As we will see later, we will use different classifiers and at the end of this notebook, we will compare them. We will define our accuracy function right now to get it out of the way. We will use a simple accuracy function that returns the ratio of the number of correctly classified observations to the total number of predictions.
findaccuracy(predictedvals,groundtruthvals) = sum(predictedvals.==groundtruthvals)/length(groundtruthvals)

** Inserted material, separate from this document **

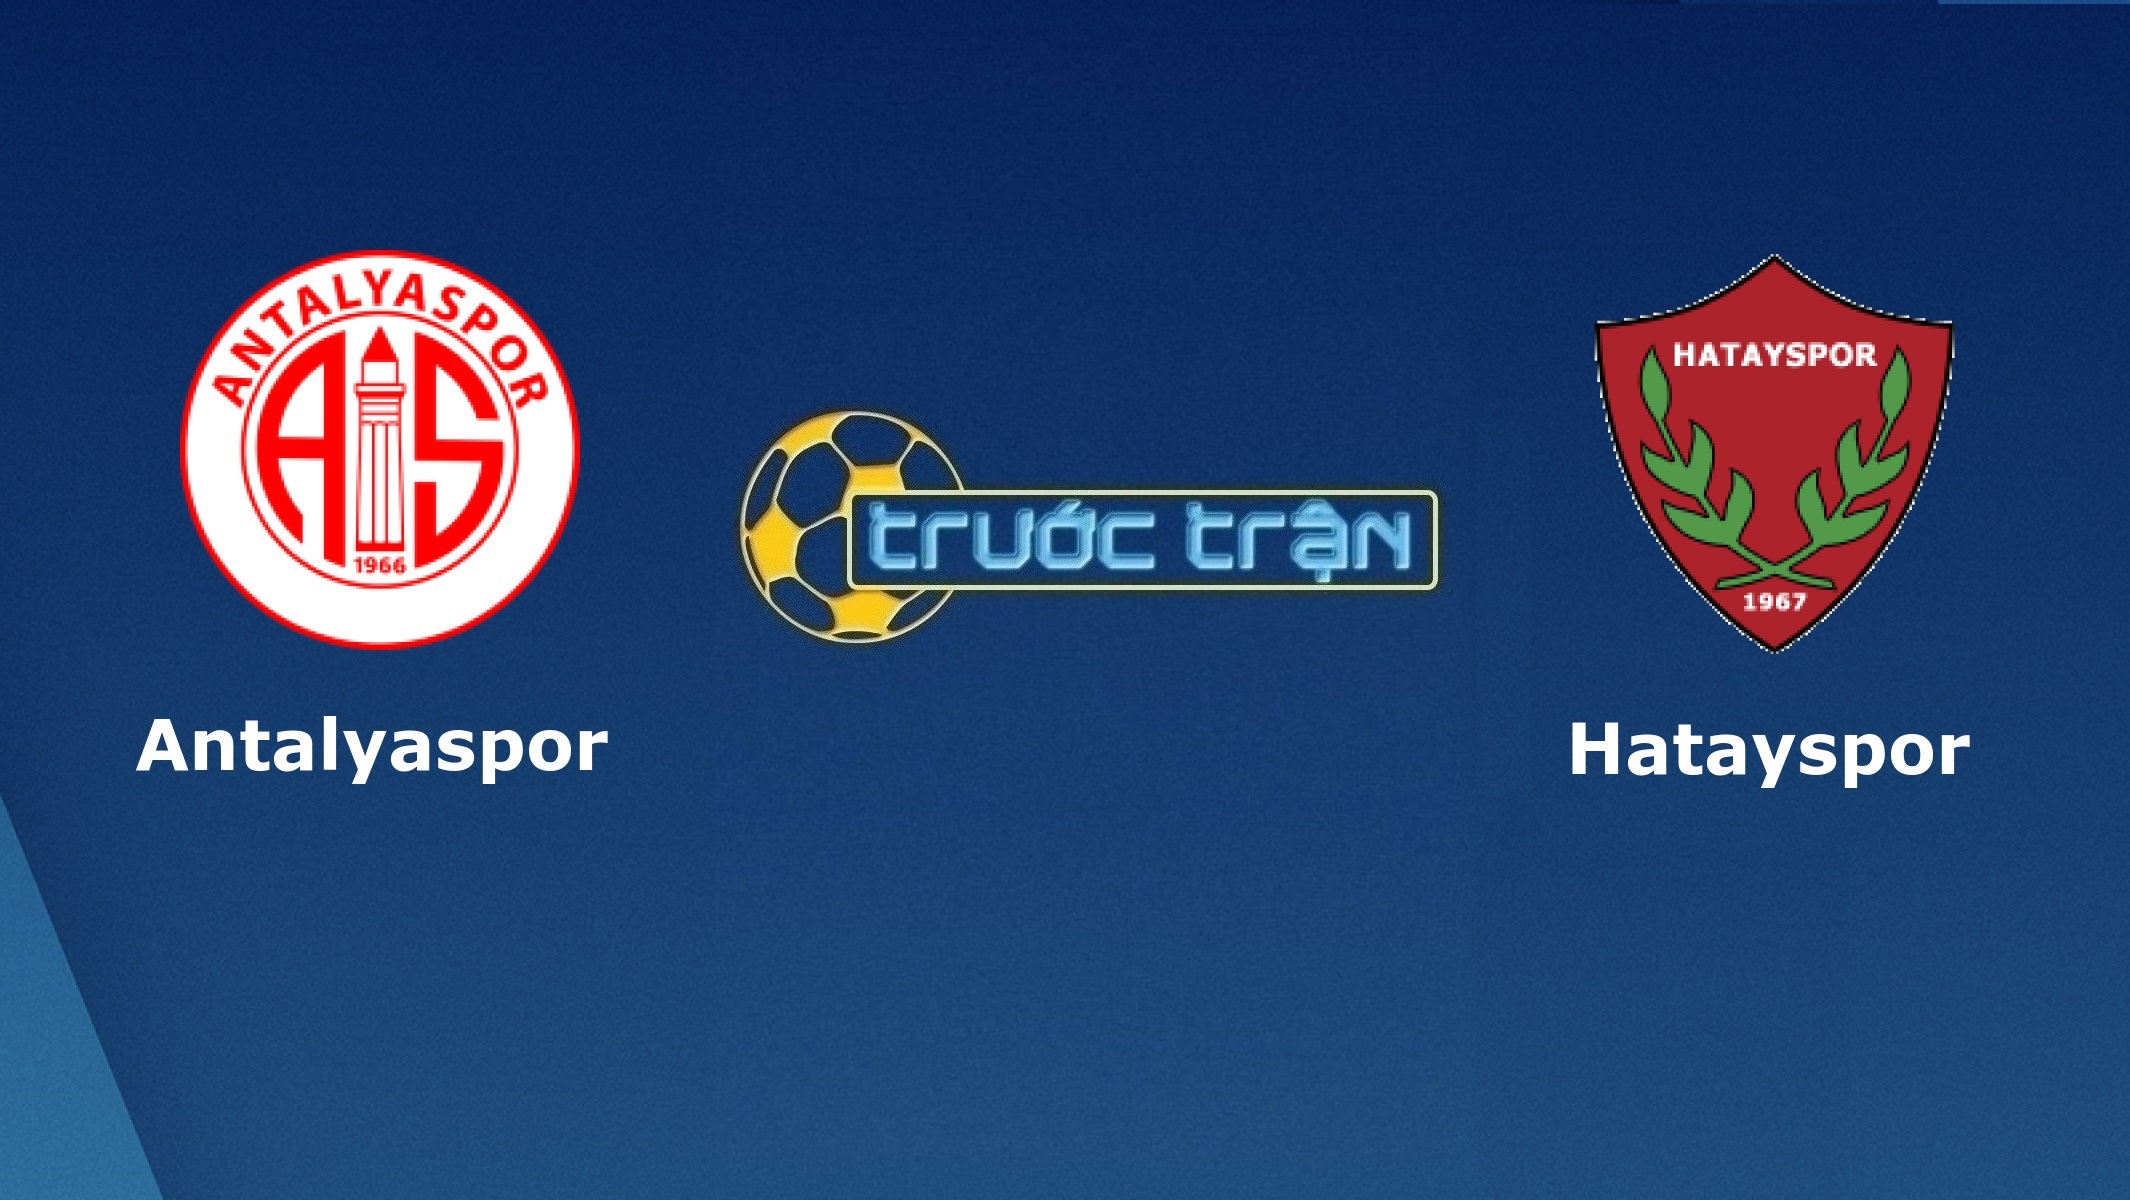 Antalyaspor vs Hatayspor – Tip kèo bóng đá hôm nay – 23h00 28/12/2020

import Pkg; #Downloading necessary packages
Pkg.add("GLMNet")
Pkg.add("RDatasets")
Pkg.add("MLBase")
Pkg.add("Plots")
Pkg.add("DecisionTree")
Pkg.add("Distances")
Pkg.add("NearestNeighbors")
Pkg.add("LinearAlgebra")
Pkg.add("DataStructures")
Pkg.add("LIBSVM")
using GLMNet
using RDatasets
using MLBase
using Plots
using DecisionTree
using Distances
using NearestNeighbors
using Random
using LinearAlgebra
using DataStructures
using LIBSVM
We're going to use a dataset called iris, which contains different data of flowers such as sepal length, sepal width, petal length and petal width and the species of each specimen
iris = dataset("datasets", "iris")
As you might see, the first 4 columns (ignoring the one of the index) of our dataset are the features of the flowers and the last one is the species. Now, we're going to setup our dataset, by storing in X the values of the features and in irislabels the values of the species
X = Matrix(iris[:,1:4])
irislabels = iris[:,5]
X
For practical reasons we're going to change the type of our labels to discret numeric data type, assigning to each label a corresponding number (1-3) instead of our labels (setosa, versicolor and virginica). This can be done with the following functions:
irislabelsmap = labelmap(irislabels)
y = labelencode(irislabelsmap, irislabels)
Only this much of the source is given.